## What you will do
Write out each line of the material exactly as given, and drop the images.

## Information supplied
BEGIN

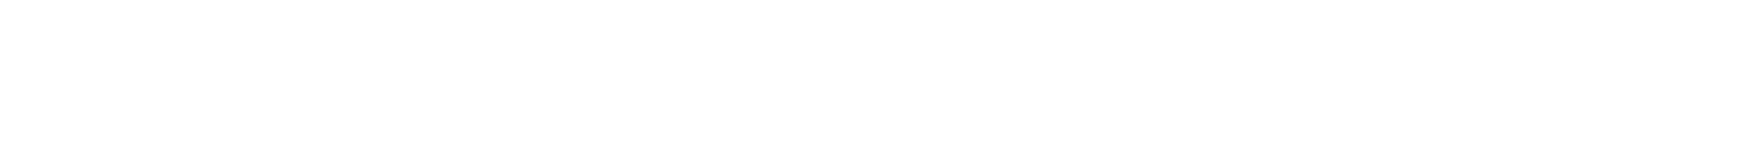 Graphium Logo
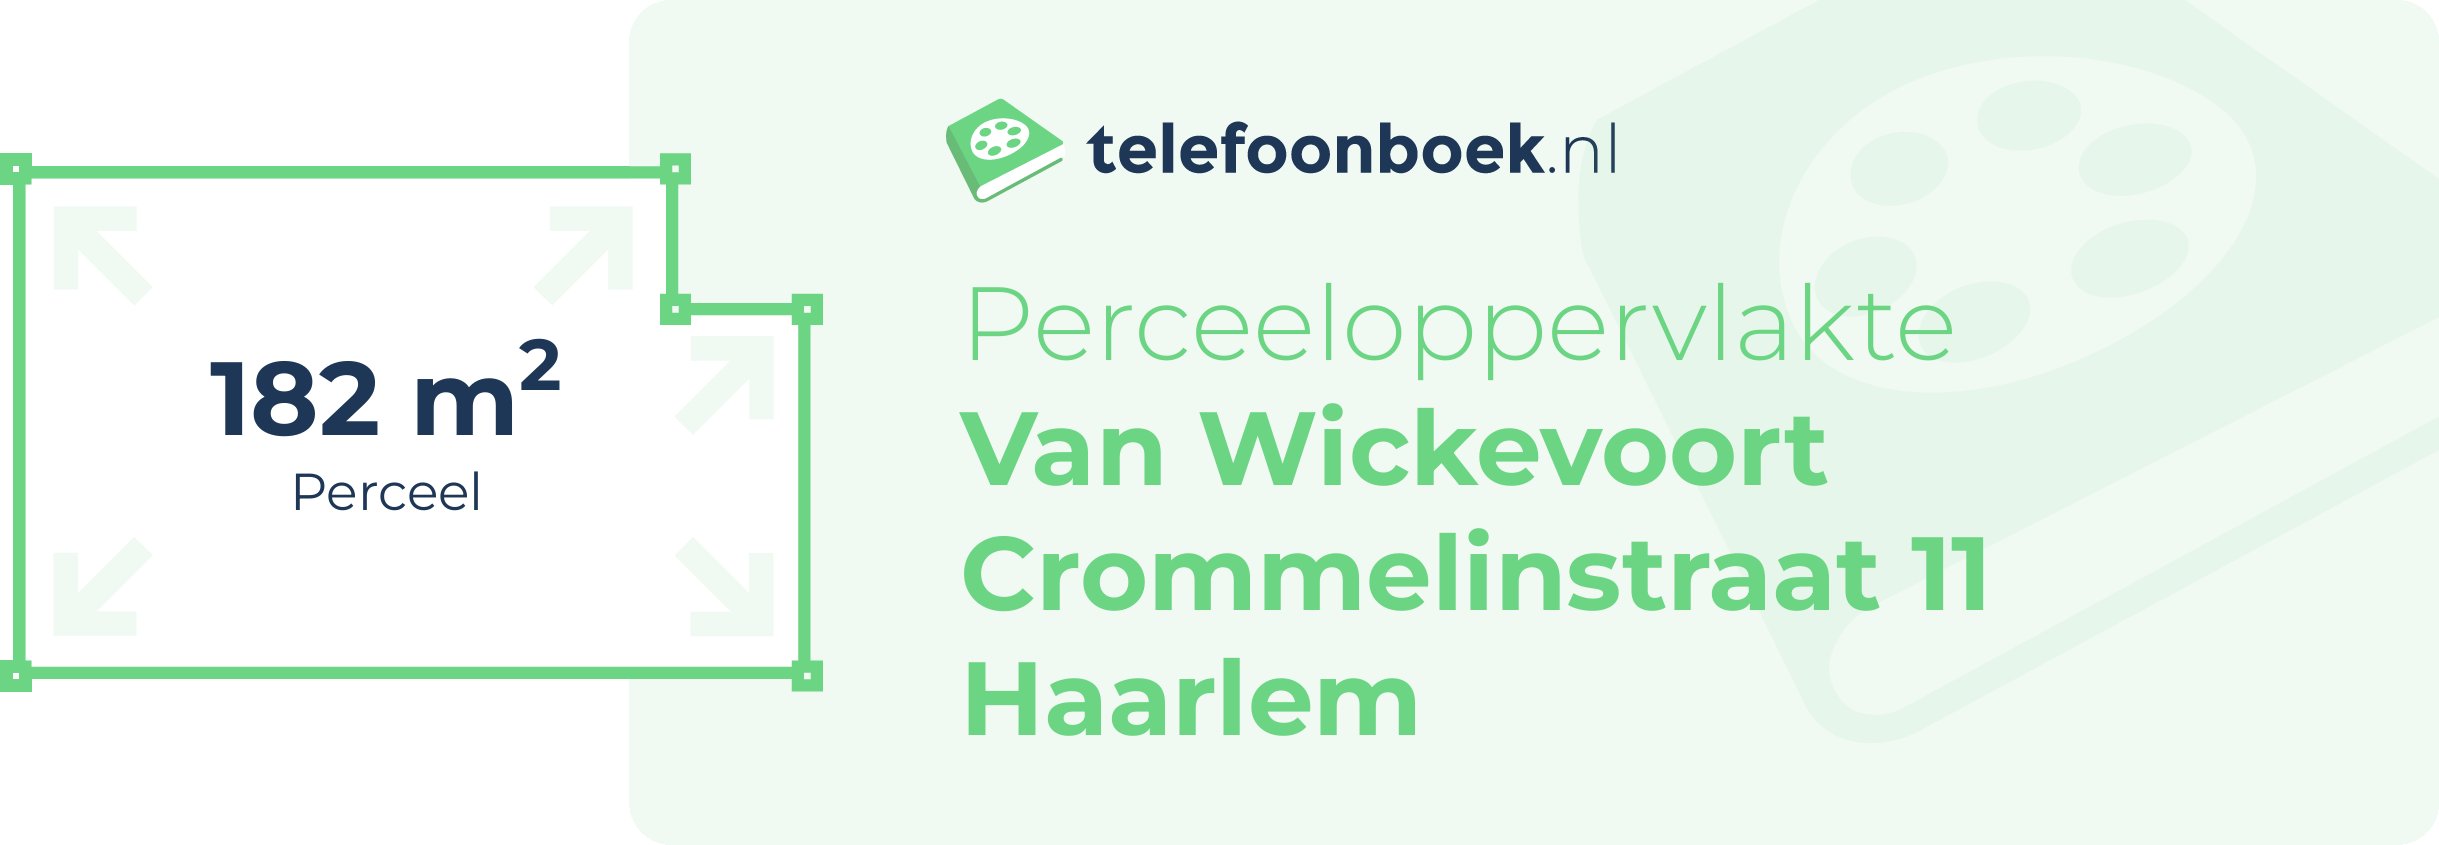 Perceeloppervlakte Van Wickevoort Crommelinstraat 11 Haarlem
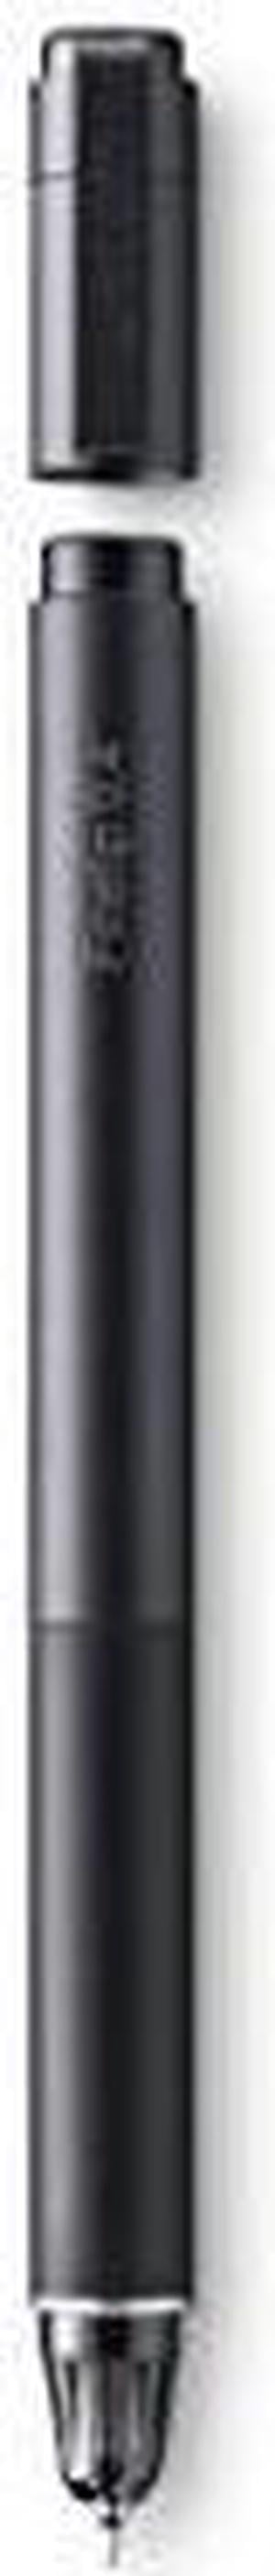 Wacom Finetip Pen for Wacom Intuos Pro
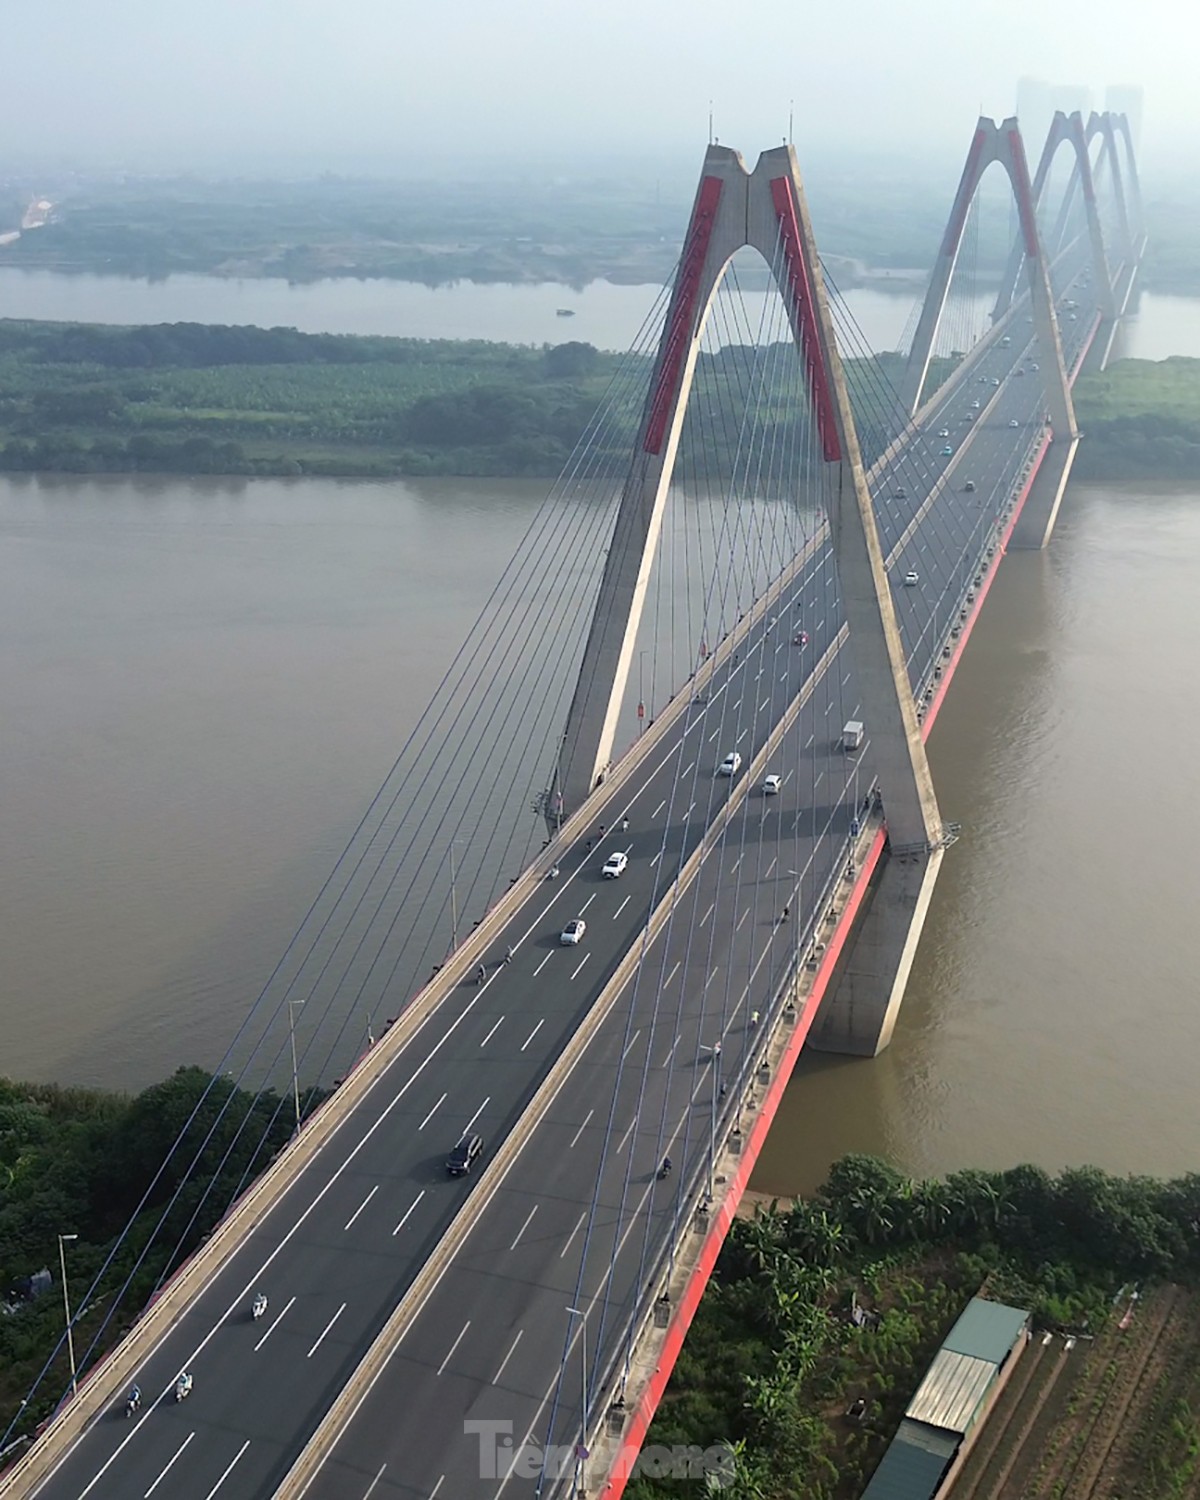 Khám phá Cầu Nhật Tân - Cây cầu thép dây văng lớn nhất Việt Nam - Ảnh 6.

END

## Result of this task
 Graphium Logo
 Perceeloppervlakte Van Wickevoort Crommelinstraat 11 Haarlem
 Wacom Finetip Pen for Wacom Intuos Pro
 Khám phá Cầu Nhật Tân - Cây cầu thép dây văng lớn nhất Việt Nam - Ảnh 6.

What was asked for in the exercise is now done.